**Prompt**:
From the listing that follows, reproduce only the lines from the one holding "Casa real confirma" through the one holding "BMW X5 occasion - Bart van Lavieren Auto's", both included, with no pictures.

**Material to process**:
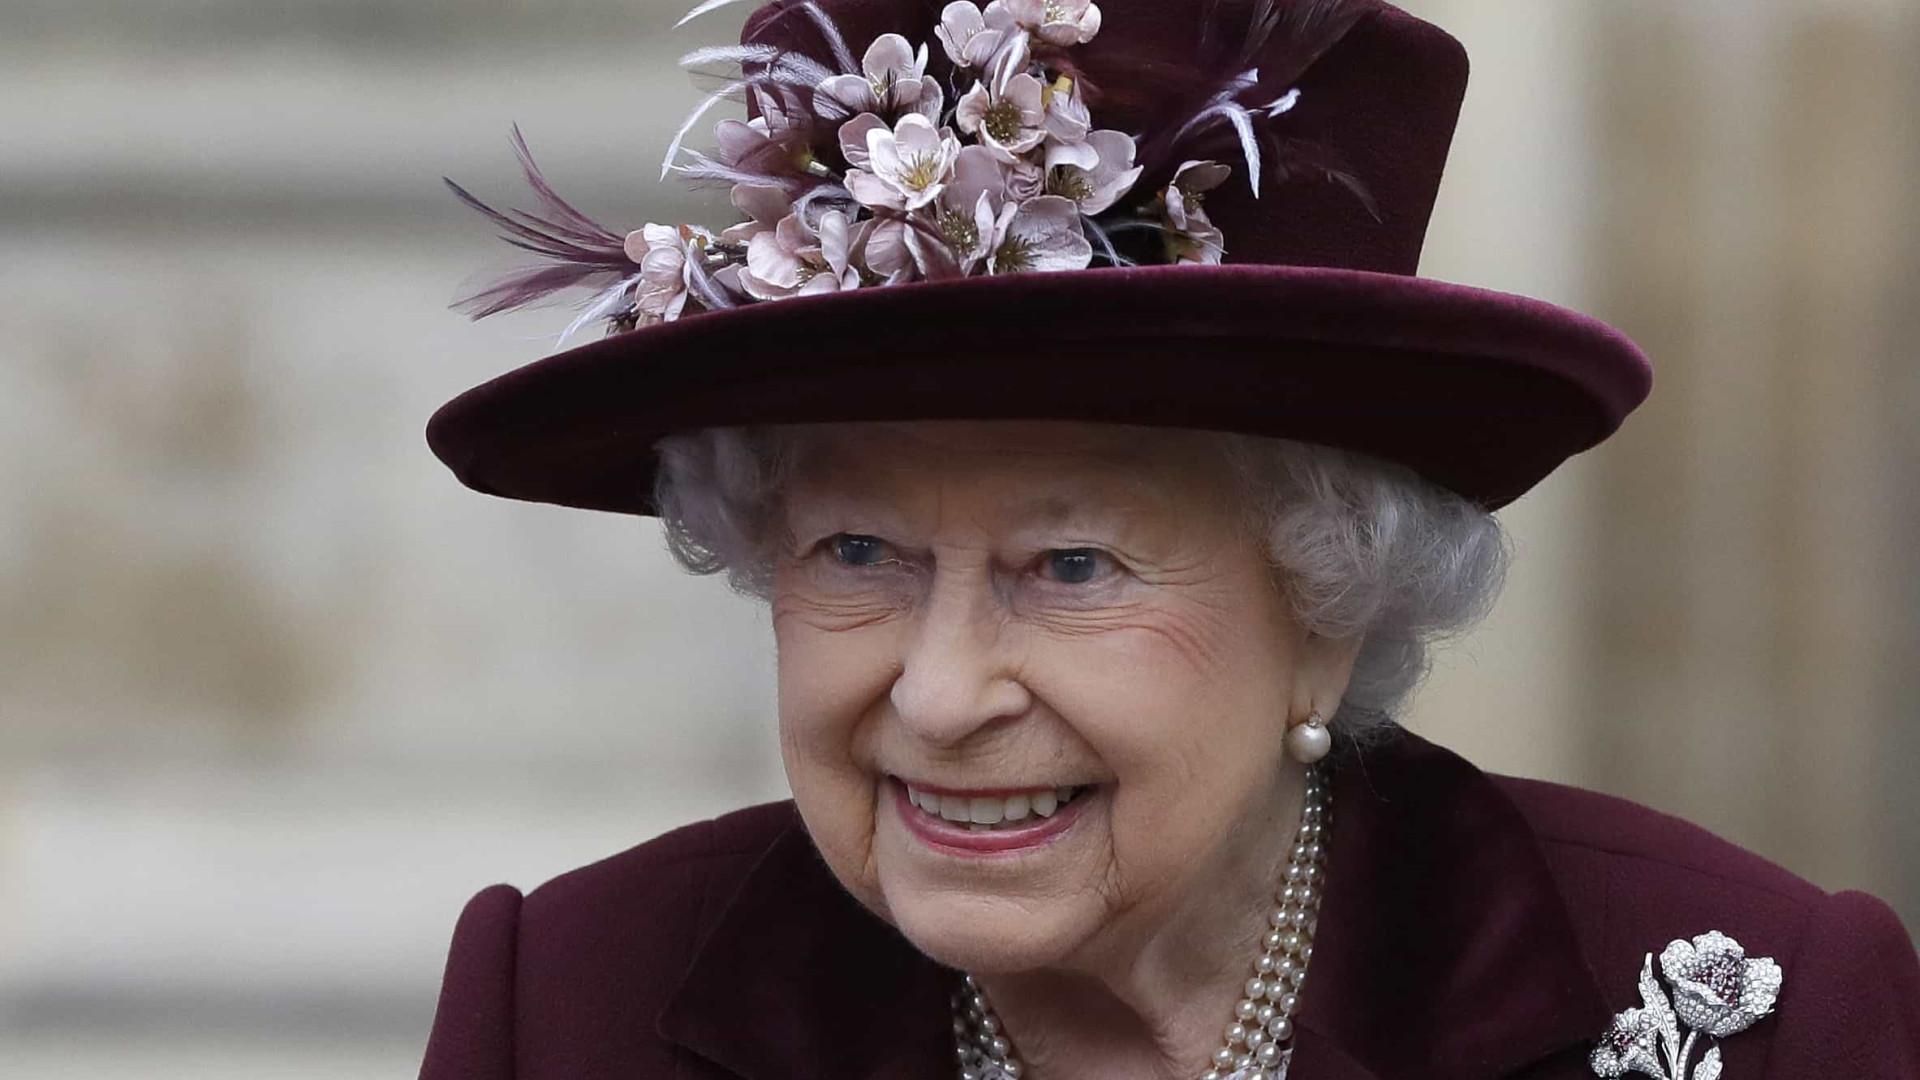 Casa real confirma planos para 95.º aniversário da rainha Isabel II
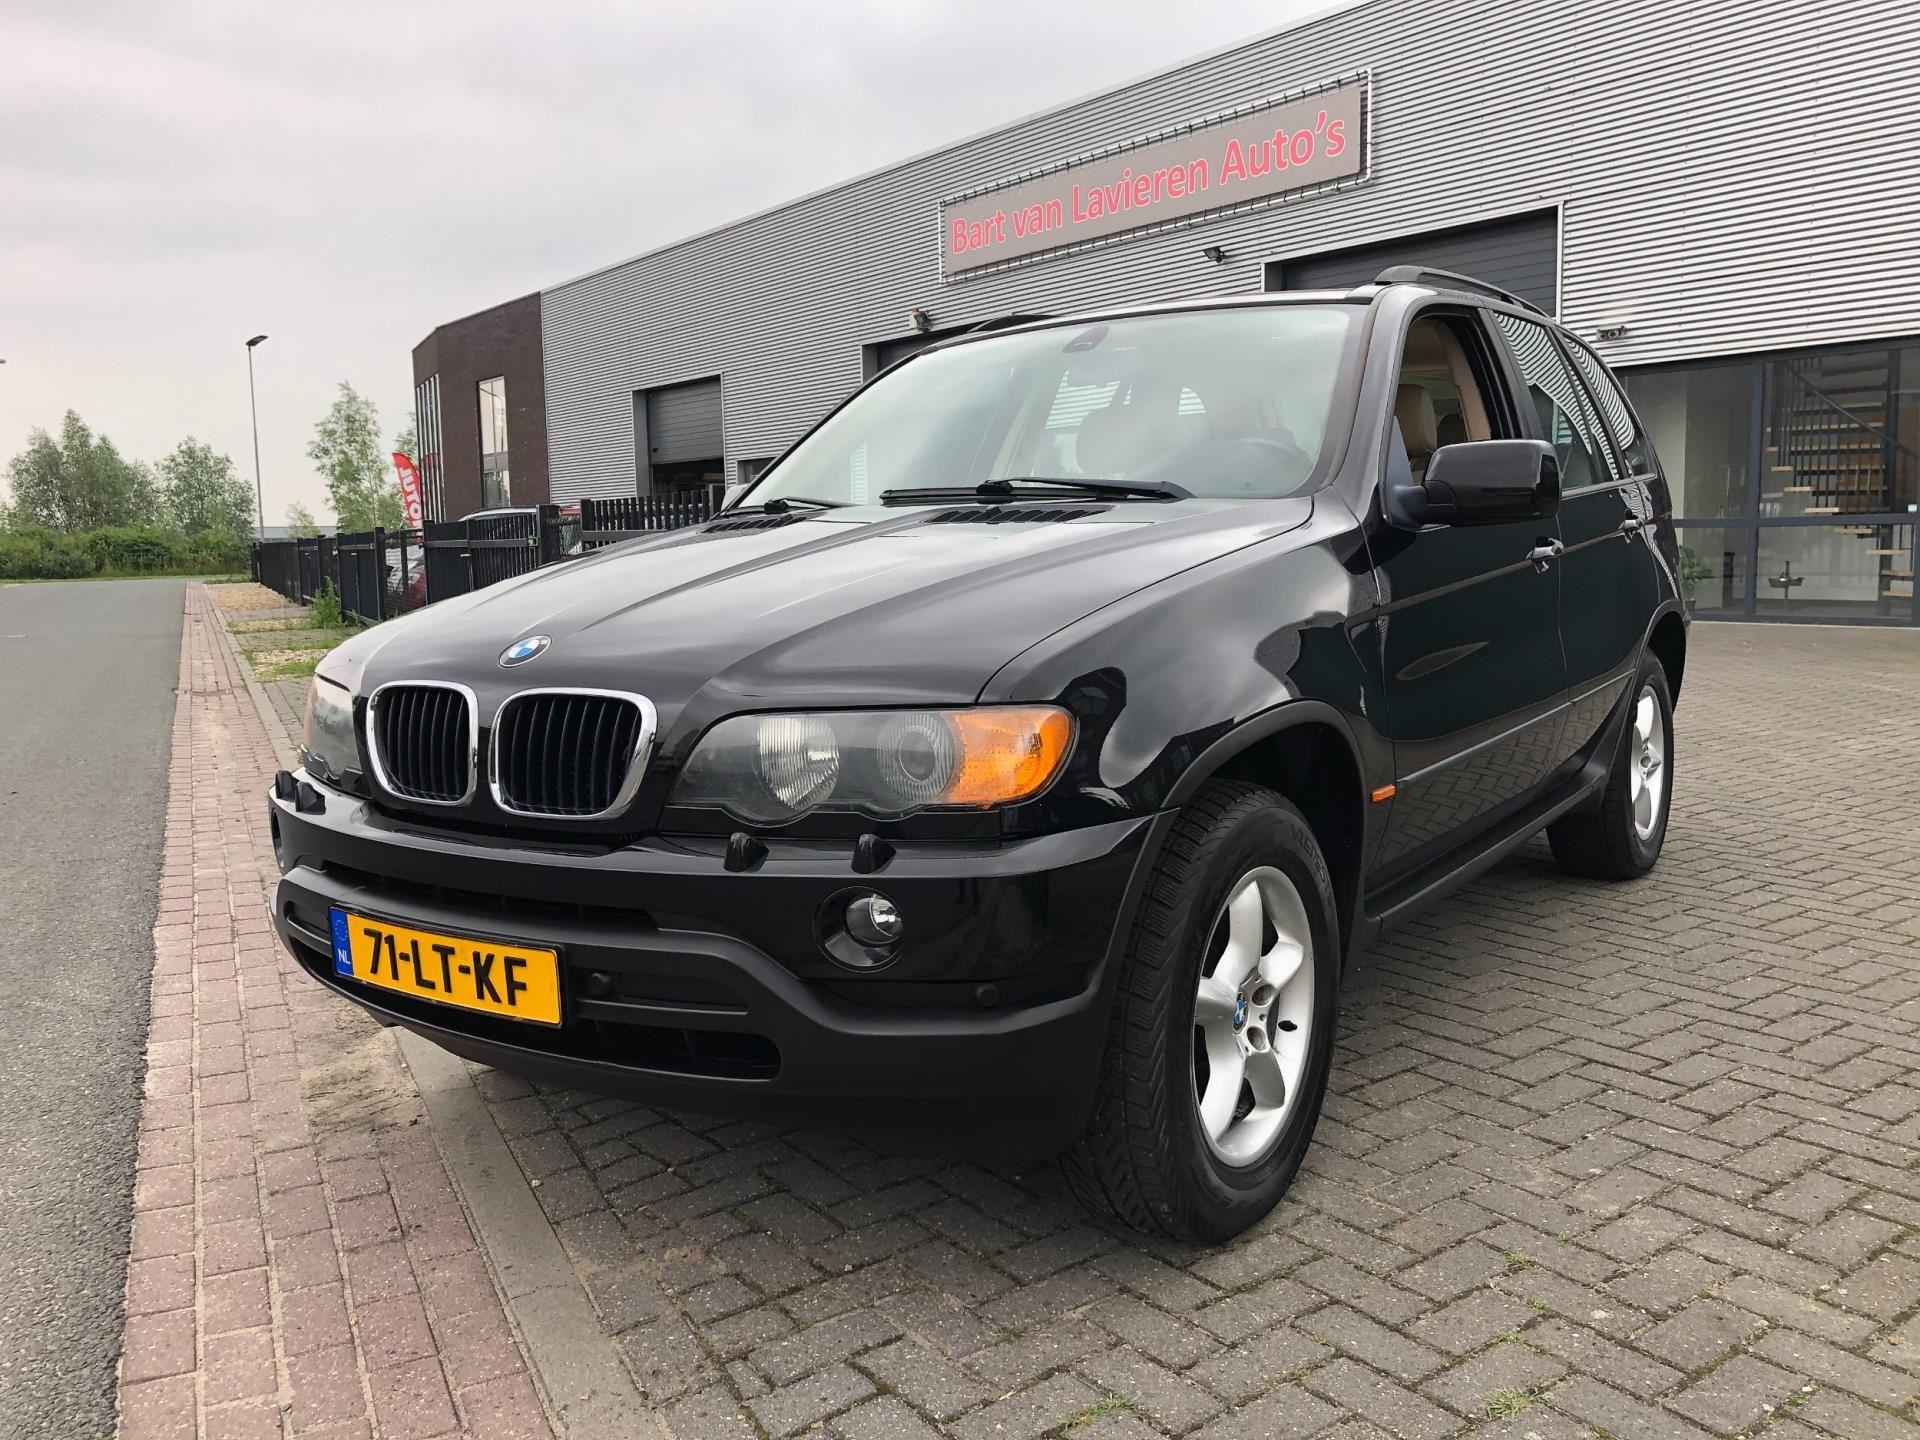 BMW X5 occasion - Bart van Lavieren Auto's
--
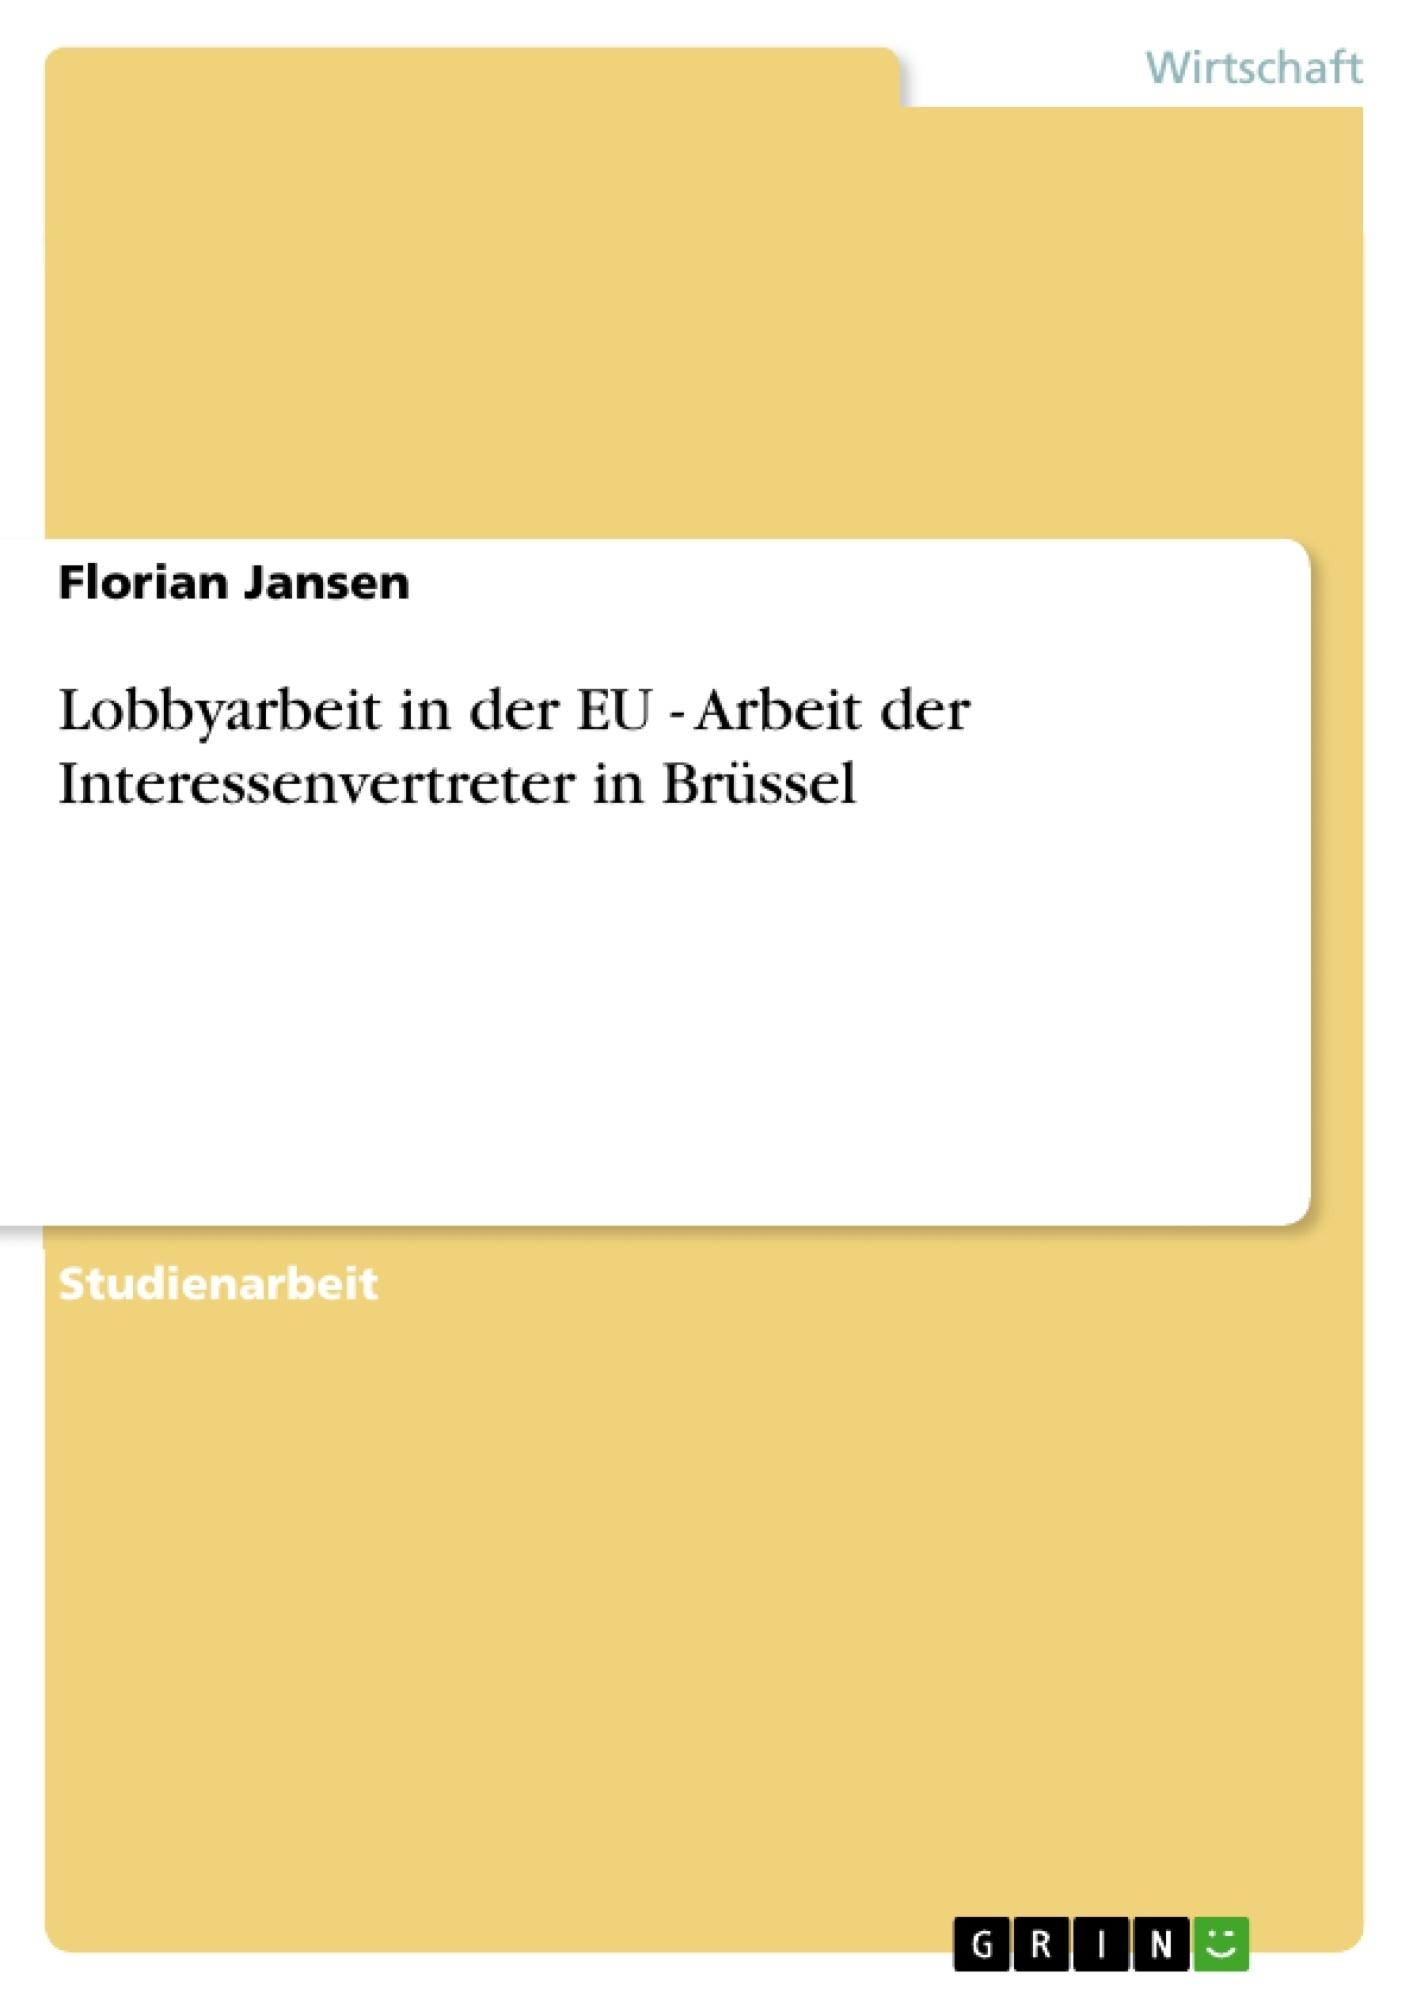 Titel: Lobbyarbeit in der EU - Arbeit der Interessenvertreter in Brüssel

**Solution to this task**:
 Casa real confirma planos para 95.º aniversário da rainha Isabel II
 BMW X5 occasion - Bart van Lavieren Auto's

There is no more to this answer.